The second problem is the containment of antimatter. Antimatter annihilates with regular matter on contact, so it would be necessary to prevent contact, for example by producing antimatter in the form of solid charged or magnetized particles, and suspending them using electromagnetic fields in near-perfect vacuum. Another, more hypothetical method is the storage of antimatter inside a buckyball. Because of the repulsion of all the carbon atoms, the antimatter would never combine with its opposite and no energy release will occur.

In order to achieve compactness given macroscopic weight, the overall electric charge of the antimatter weapon core would have to be very small compared to the number of particles. For example, it's not feasible to construct the weapon using positrons only because of their mutual repulsion. The antimatter weapon core would have to consist primarily of neutral antiatoms. Antihydrogen is easiest to produce, but it has gaseous form at room temperature, making it hard to contain. Heavier atoms are easier to contain but harder to manufacture.

Effects of antimatter detonation

Over 99.9% of the mass of antimatter is accounted for by antiprotons and antineutrons. Their annihilation with protons and neutrons is a complicated process. A proton-antiproton pair can annihilate into a pair of 938 MeV gamma quanta or into a number of charged and neutral relativistic pions. Neutral pions, in turn, decay almost immediately into gamma quanta; charged pions travel a few tens of meters and then decay further into muons and neutrinos.

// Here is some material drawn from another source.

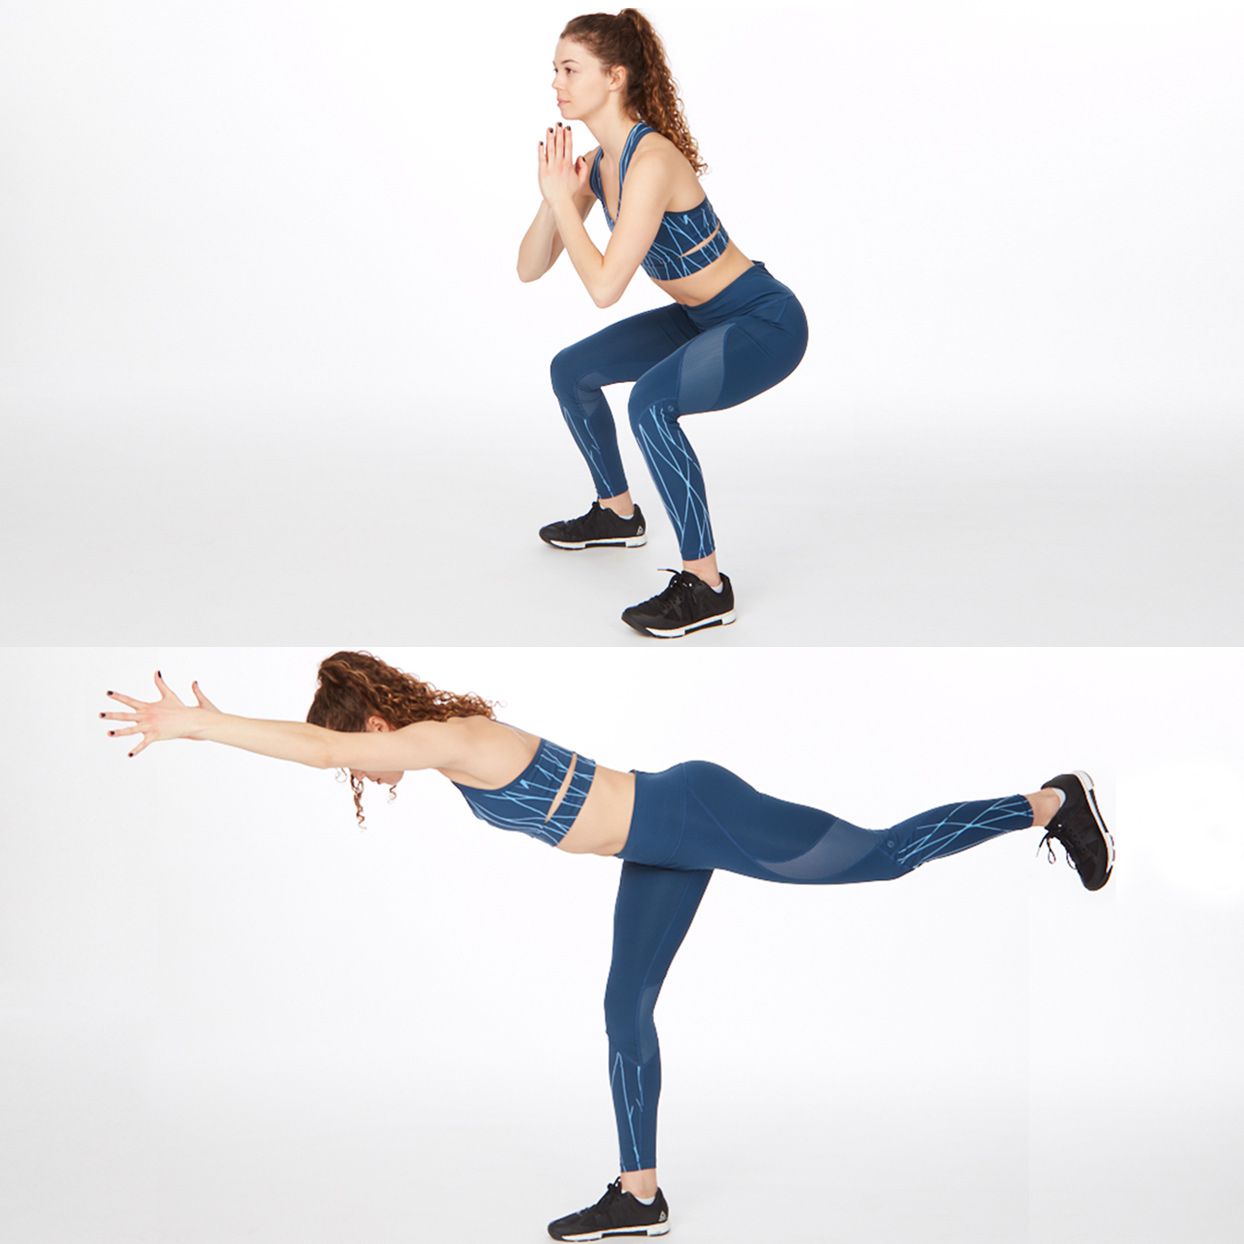 squat to kickback butt lifting exercise

Finally, the muons decay into electrons and more neutrinos.

The overall structure of energy output from an antimatter bomb is highly dependent on the amount of regular matter in the area surrounding the bomb. If the bomb is shielded by sufficient amounts of matter, the gamma rays are absorbed and the pions slow down before decaying. Most of the energy is thus transferred to the neighboring atoms. The net effect is similar to that of a conventional non-nuclear high-powered explosion.

In the event of an antimatter detonation in the open atmosphere, most of the energy will ultimately be carried away by 100–900 MeV gamma rays. Such gamma rays are relatively weakly absorbed by matter: gamma rays lose roughly half of their energy per 500–1000 m of air, compared to only 20 cm of concrete. The explosion will not cause much physical damage because its energy will be evenly dispersed over large area, but it can deliver high doses of radiation to all exposed people.